§ **Task requirements**: Leave out the pictures and give back all the entries exactly as written.

§ **Exercise data**:

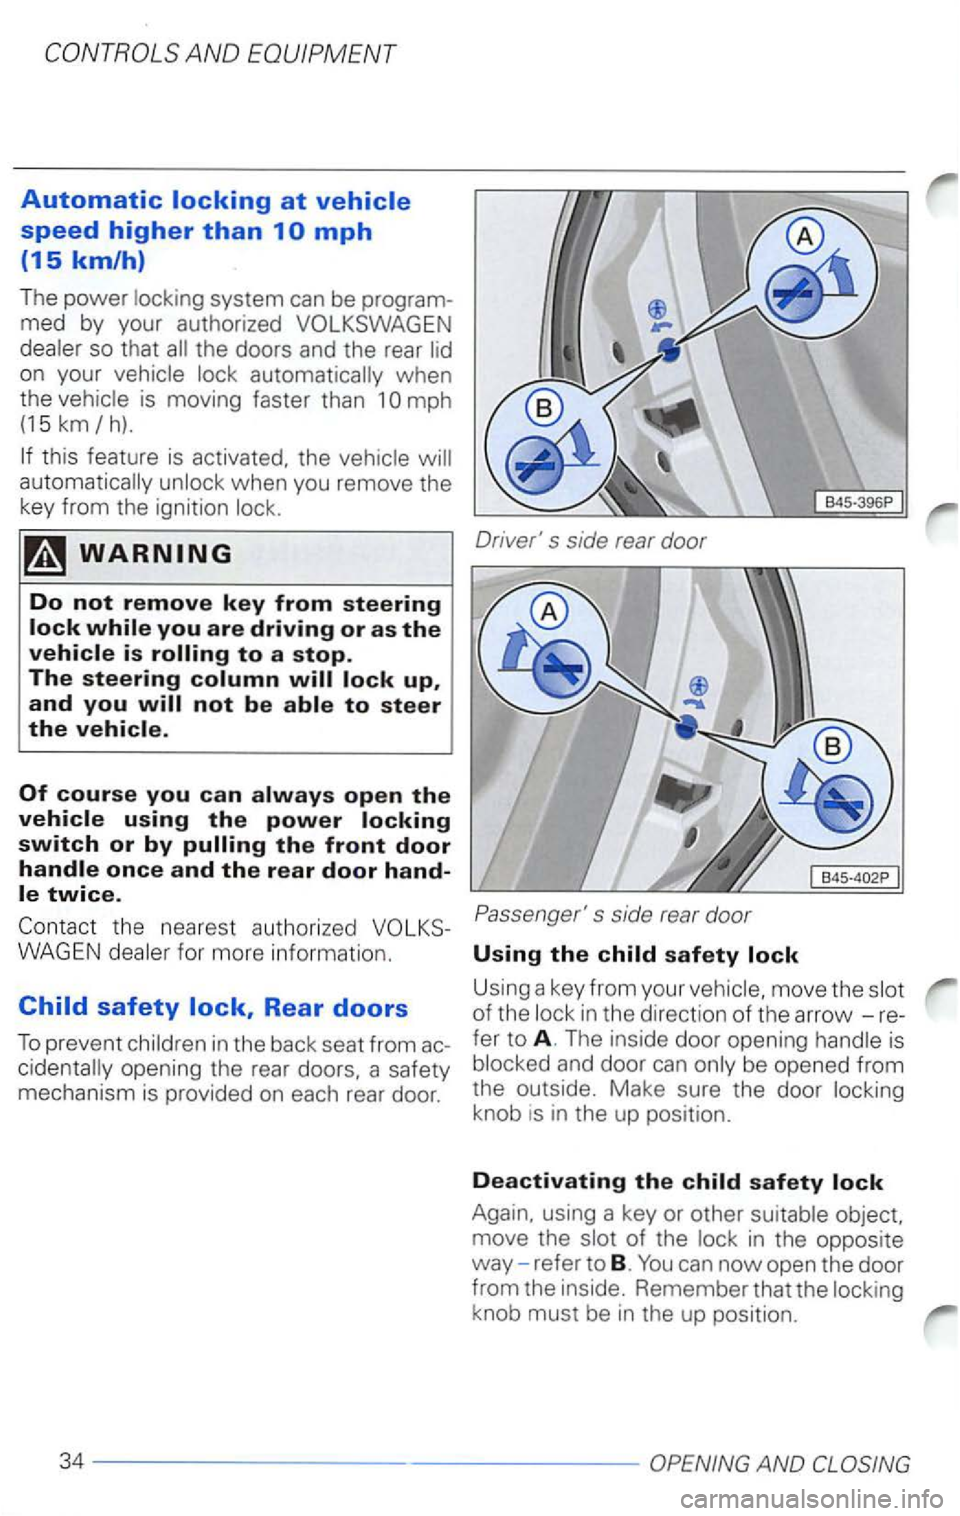 VOLKSWAGEN PASSAT 2003  Owners Manual the doors  and the rear 
when 
t h e 
is  moving  faster than 1 
in  the  back  seat from 
move  the 
knob  is  in  the  up pos ition. 
Deactivating the child s afety lock 
Again.  using a key  or oth

§ **Exercise result**:
 VOLKSWAGEN PASSAT 2003  Owners Manual the doors  and the rear 
when 
t h e 
is  moving  faster than 1 
in  the  back  seat from 
move  the 
knob  is  in  the  up pos ition. 
Deactivating the child s afety lock 
Again.  using a key  or oth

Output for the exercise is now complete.